New Hospital Activists Drop St. Vincent’s Appeal

06/29/11

Even before a district-court judge could hear their case, community activists demanding that a new trauma center be built on Manhattan’s Lower West Side dropped their legal protest to the sale of the former St. Vincent’s Hospital’s main campus, court papers show.

The activists, led by former New York City Council member Alan J. Gerson, had appealed a bankruptcy judge’s ruling approving the $260 million sale to a development company tied to the Rudin family. The prominent developer will mostly build housing on the site.

The group said St.
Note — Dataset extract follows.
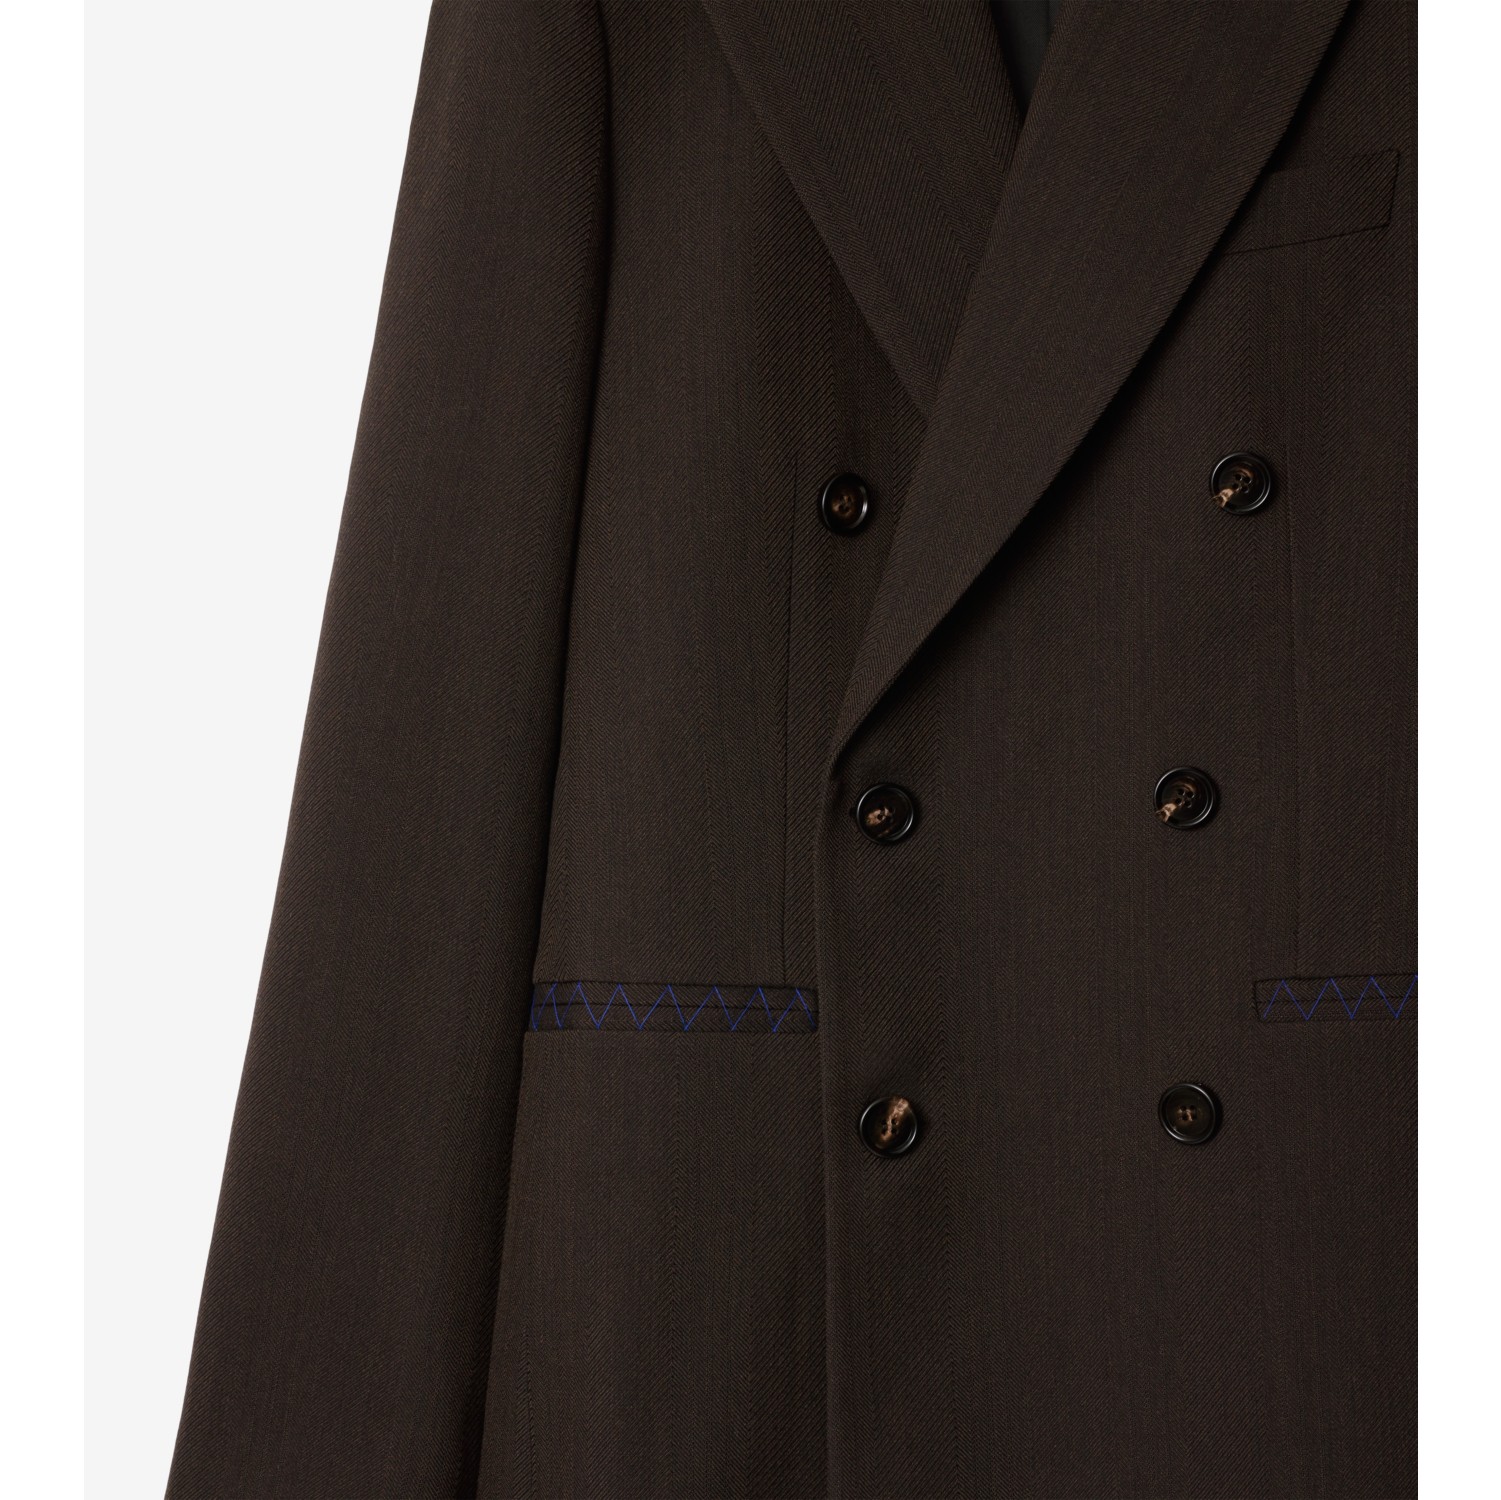 Wool Tailored Jacket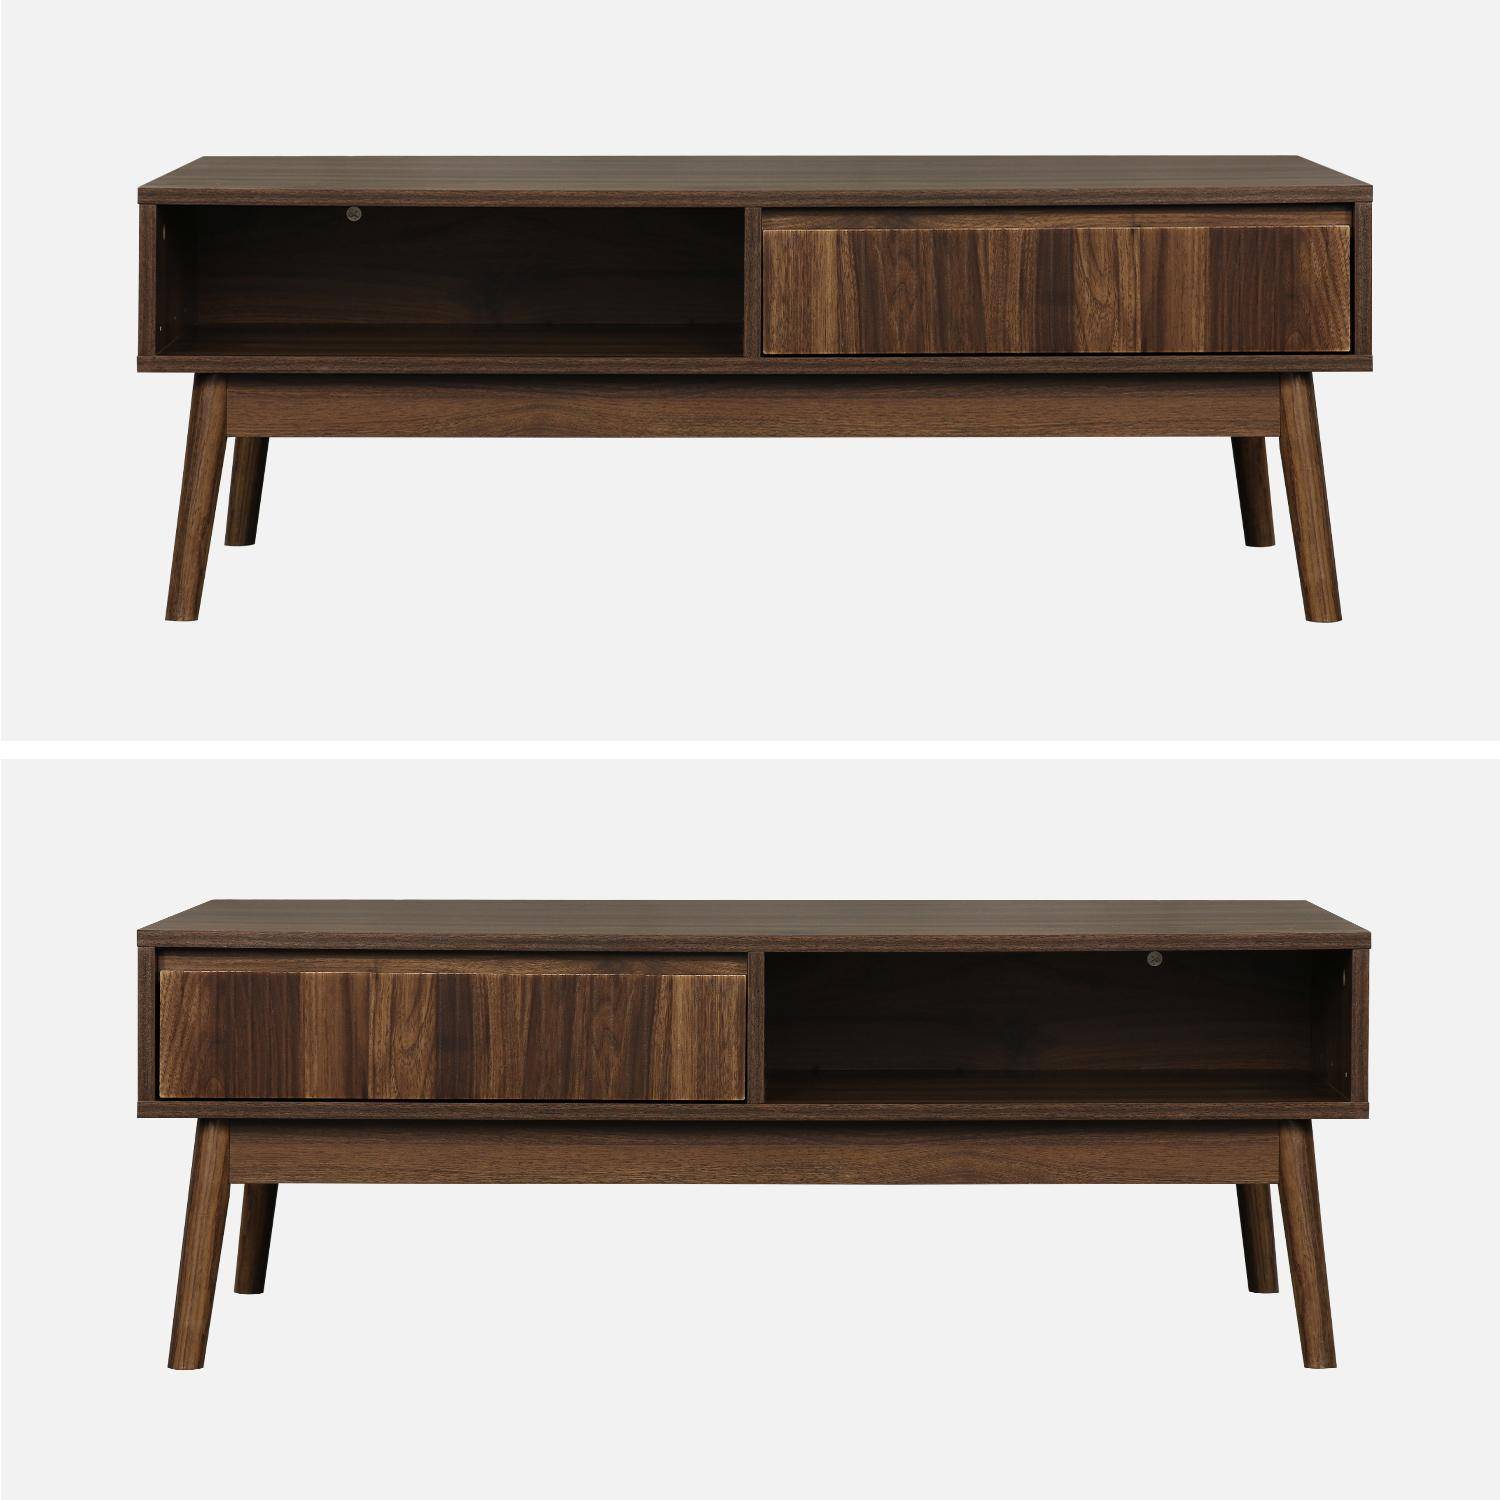 Wooden coffee table with one drawer storage, dark wood, L110xW59xH39cm Photo5

Vincent’s should have sold its most valuable asset to a buyer that would reopen the hospital.

Gerson insisted that his group is not giving up the fight—just pursing different avenues.

“We made a decision to pursue our efforts though regulatory or political channels because it’s more cost effective,” he said in an interview this week. “The appeal would have dragged on for a long time and cost a lot of money and legal fees.”

The group filed papers to voluntarily dismiss the appeal on June 24.

While Gerson said the battle to bring back a hospital to the Greenwich Village neighborhood will continue, without the pending appeal the sale has cleared all necessary hurdles in bankruptcy court.

St. Vincent’s officials have said that the approved sale represented the best possible recovery for the hospital’s creditors.

What’s more, the Rudins have struck a deal with North Shore-Long Island Jewish Health Care System to invest $110 million to create a health-care center that will include a free-standing emergency department in one of the former hospital’s buildings.